The point is that controlled recreational users are effectively invisible, and remain so because of the stigma generated by the visible out-of-control end of the spectrum.
posted by UbuRoivas at 9:25 AM on February 7, 2005


mediareport: See, now that's exactly the kind of overstatement that overshadows rational discussion of the pros and cons of experimental drug use.

I'm not oppposed to experimental drug use. I'm opposed to meth. If you like speed, there are plenty of safer alternatives: the aforementioned bennies, adderall, etc.
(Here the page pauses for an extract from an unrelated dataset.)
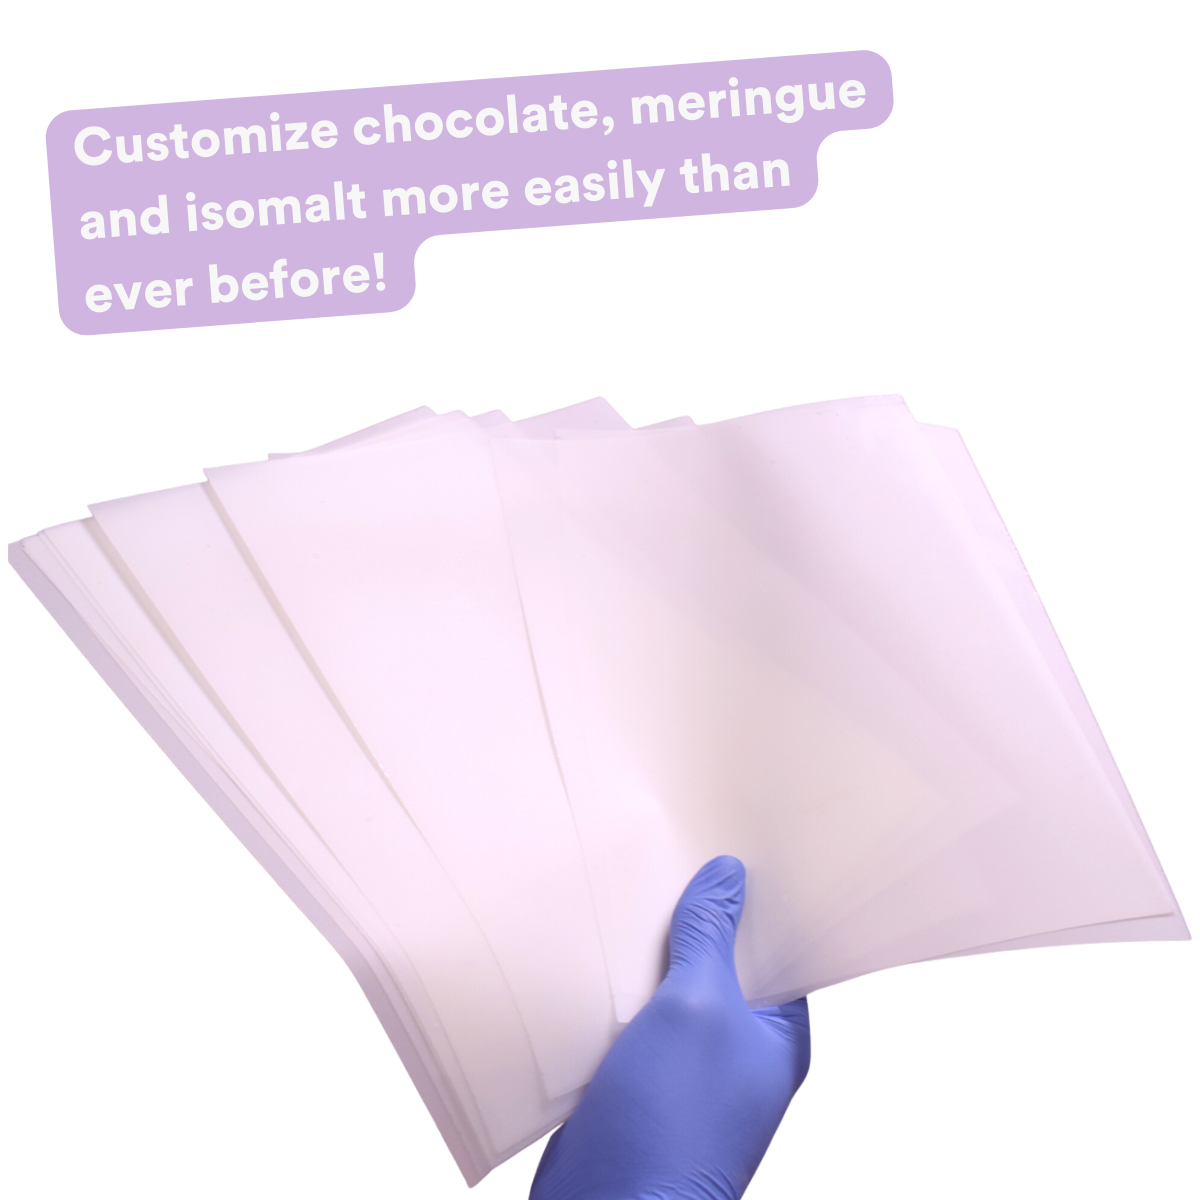 Print on chocolate w/ paper2eat Miracle Transfer Sheets for $39.99 
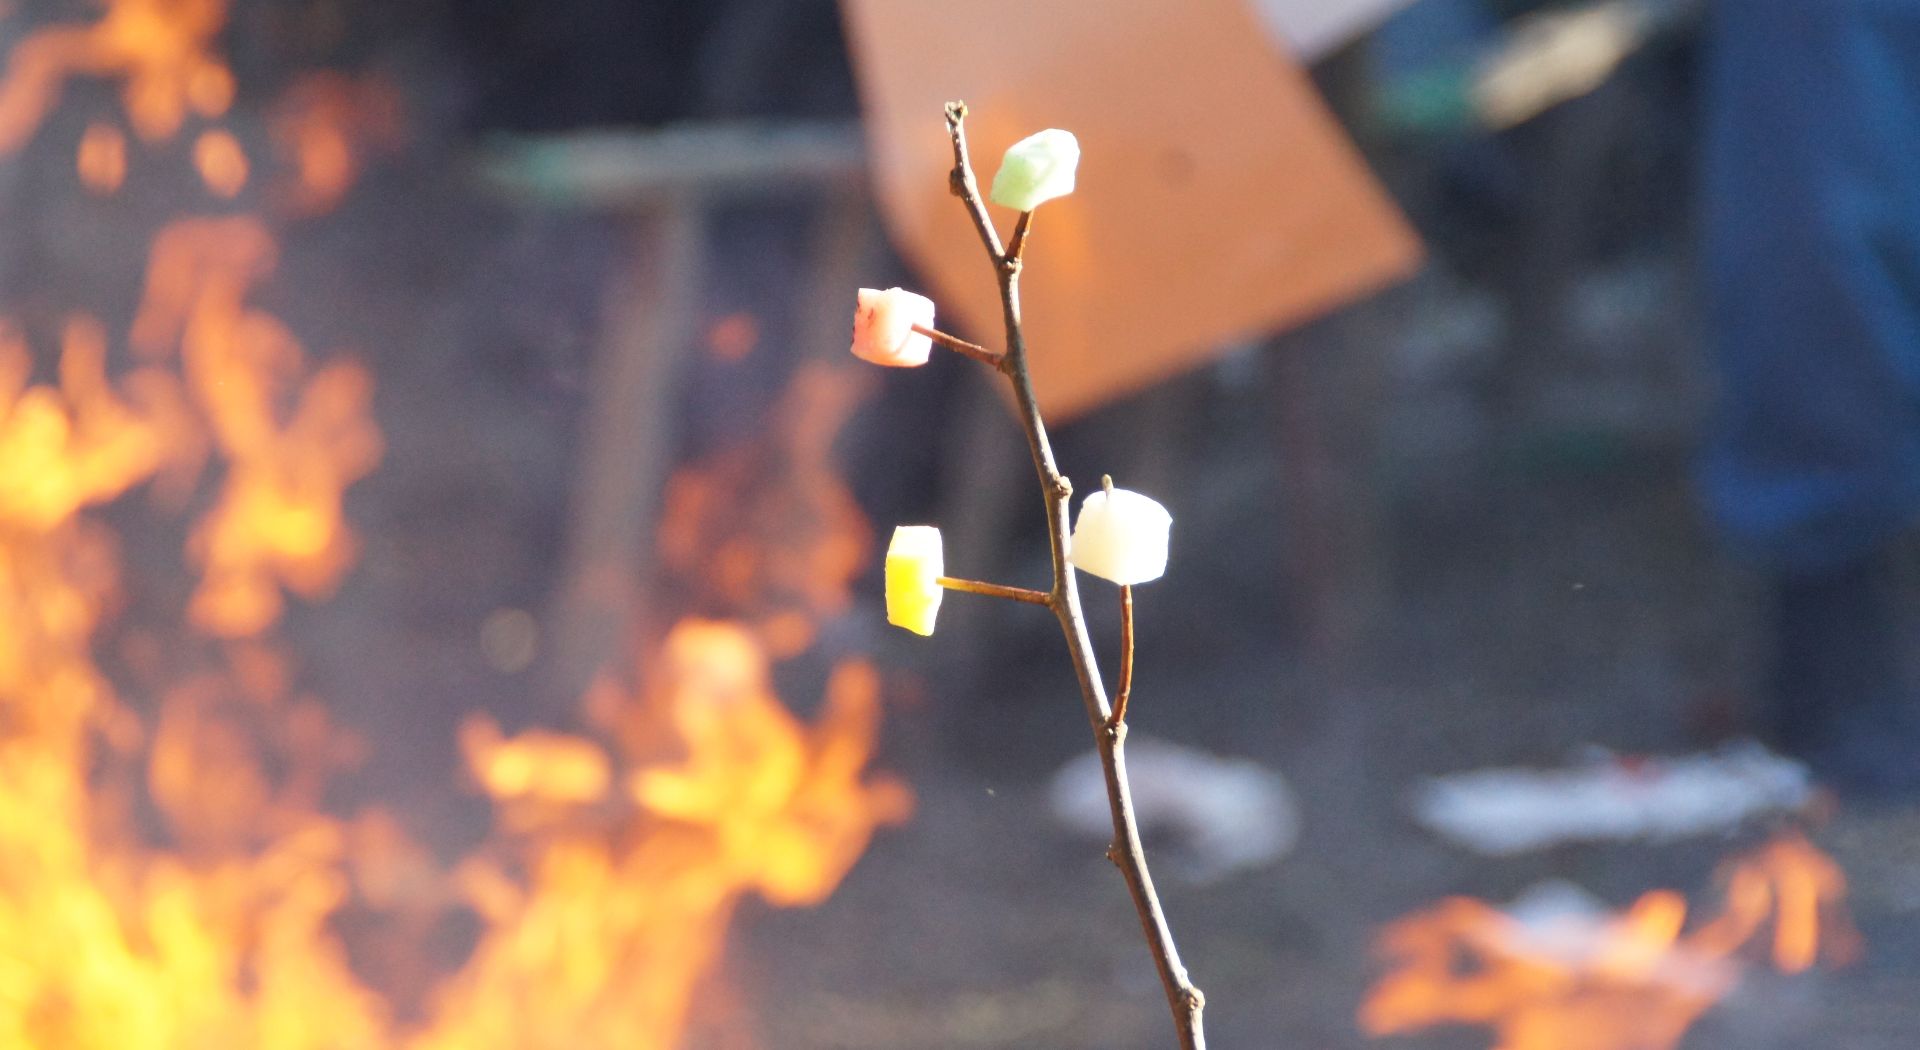 chunks of mochi on a stick in front of a flame

But you're right about "the drug ladder." Maybe "the drug poset?"
posted by sonofsamiam at 9:55 AM on February 7, 2005


but crack didn't cause the downfall of western civilization

Been to Baltimore recently?


Good point. Just because the hype in the papers has stopped and moved on to other trendy issues dosen't mean people have stopped using crack and that all the crap it brings with it dosen't continue.

As far as meth goes, I've never tried it, and just about everything I've heard about it makes me relatively glad of that fact.
posted by jonmc at 1:45 PM on February 7, 2005


legalize. remove taboo. prescriptions now available.

and duo jet, what do you know. t'art prudish i'll wager.
posted by gorgor_balabala at 8:39 PM on February 8, 2005


Hey! I knew a guy once who took meth and didn't end up an addict! That means its ok, right?

Right?

Recreational use?

People here, like in the other thread, who have no idea what they are talking about.

Reports of recreational, functional meth use in the workplace, at malls, etc are highly exaggerated.

And by 'highly exaggerated', I mean absolute bullshit.
posted by DuoJet at 10:10 AM CST on February 7


The truest statement in this entire thread.

Also, my state (TN) accounts for 75% of meth lab seizures in the Southeast.